Princess Margaret Cancer Centre, Toronto, Canada.
University of British Columbia, Vancouver, Canada.
Clin Cancer Res. 2017 Apr 15;23(8):1974-1980. doi: 10.1158/1078-0432.CCR-16-1790. Epub 2016 Oct 18.

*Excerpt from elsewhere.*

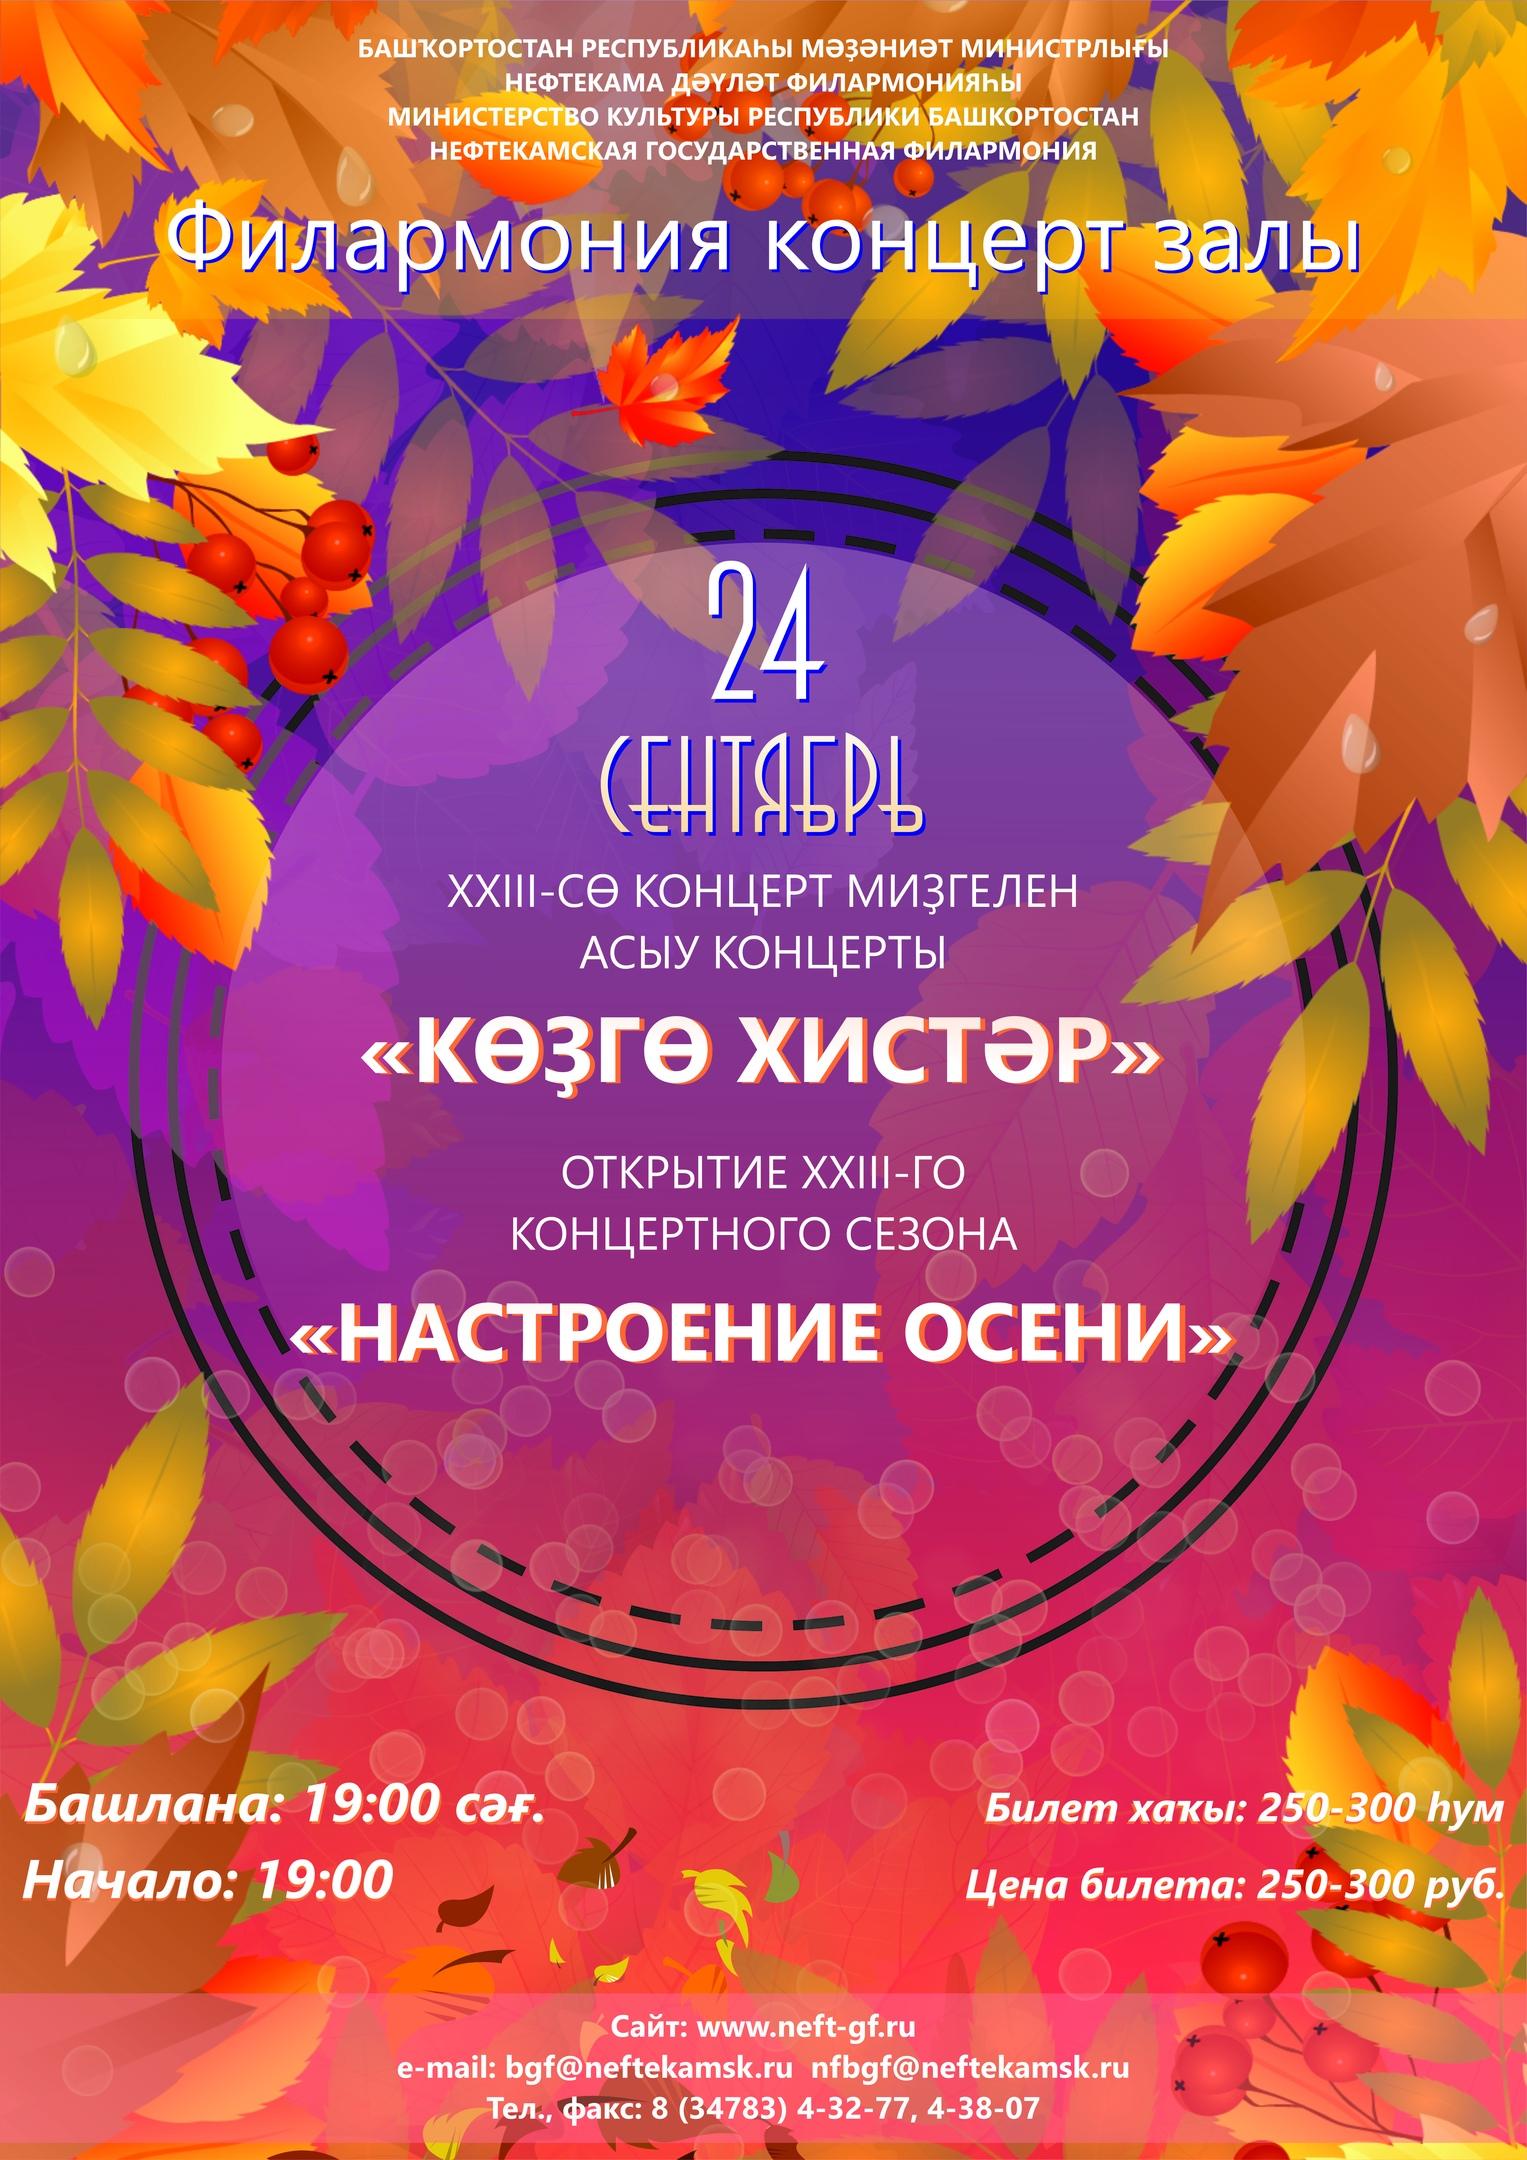 Открытие XXIII-го концертного сезона

Degarelix, a new gonadotropin-releasing hormone (GnRH) receptor antagonist with demonstrated efficacy as first-line treatment in the management of high-risk prostate cancer, possesses some theoretical advantages over luteinizing hormone-releasing hormone (LHRH) analogues in terms of avoiding "testosterone flare" and lower follicle-stimulating hormone (FSH) levels. We set out to determine whether preoperative degarelix influenced surrogates of disease control in a randomized phase II study. Thirty-nine patients were randomly assigned to one of three different neoadjuvant arms: degarelix only, degarelix/bicalutamide, or LHRH agonist/bicalutamide. Treatments were given for 3 months before prostatectomy. Patients had localized prostate cancer and had chosen radical prostatectomy as primary treatment. The primary end point was treatment effect on intratumoral dihydrotestosterone levels. Intratumoral DHT levels were higher in the degarelix arm than both the degarelix/bicalutamide and LHRH agonist/bicalutamide arms (0.87 ng/g vs. 0.26 ng/g and 0.23 ng/g, < 0.01). No significant differences existed for other intratumoral androgens, such as testosterone and dehydroepiandrosterone. Patients in the degarelix-only arm had higher AMACR levels on immunohistochemical analysis ( = 0.01). Serum FSH levels were lower after 12 weeks of therapy in both degarelix arms than the LHRH agonist/bicalutamide arm (0.55 and 0.65 vs. 3.65, < 0.01), and inhibin B levels were lower in the degarelix/bicalutamide arm than the LHRH agonist/bicalutamide arm (82.14 vs. 126.67, = 0.02). Neoadjuvant degarelix alone, compared with use of LHRH agonist and bicalutamide, is associated with higher levels of intratumoral dihydrotestosterone, despite similar testosterone levels. Further studies that evaluate the mechanisms behind these results are needed. .
地加瑞克,一种新的促性腺激素释放激素(GnRH)受体拮抗剂,在治疗高危前列腺癌的一线治疗中显示出疗效,与黄体生成素释放激素(LHRH)类似物相比,在避免“睾酮爆发”和降低卵泡刺激素(FSH)水平方面具有一些理论优势。我们旨在确定术前地加瑞克是否会影响随机 II 期研究中疾病控制的替代指标。39 名患者被随机分配到三个不同的新辅助治疗臂之一:单独地加瑞克、地加瑞克/比卡鲁胺或 LHRH 激动剂/比卡鲁胺。治疗在前列腺切除术前行 3 个月。患者患有局限性前列腺癌,选择根治性前列腺切除术作为主要治疗方法。主要终点是治疗对肿瘤内二氢睾酮水平的影响。肿瘤内 DHT 水平在地加瑞克组高于地加瑞克/比卡鲁胺组和 LHRH 激动剂/比卡鲁胺组(0.87 ng/g 比 0.26 ng/g 和 0.23 ng/g,<0.01)。其他肿瘤内雄激素,如睾酮和脱氢表雄酮,没有显著差异。在免疫组织化学分析中,单独用地加瑞克组的 AMACR 水平更高(=0.01)。在治疗 12 周后,地加瑞克组的血清 FSH 水平均低于 LHRH 激动剂/比卡鲁胺组(0.55 和 0.65 比 3.65,<0.01),而地加瑞克/比卡鲁胺组的抑制素 B 水平低于 LHRH 激动剂/比卡鲁胺组(82.14 比 126.67,=0.02)。与使用 LHRH 激动剂和比卡鲁胺相比,单独使用新辅助地加瑞克与肿瘤内二氢睾酮水平升高相关,尽管睾酮水平相似。需要进一步研究这些结果背后的机制。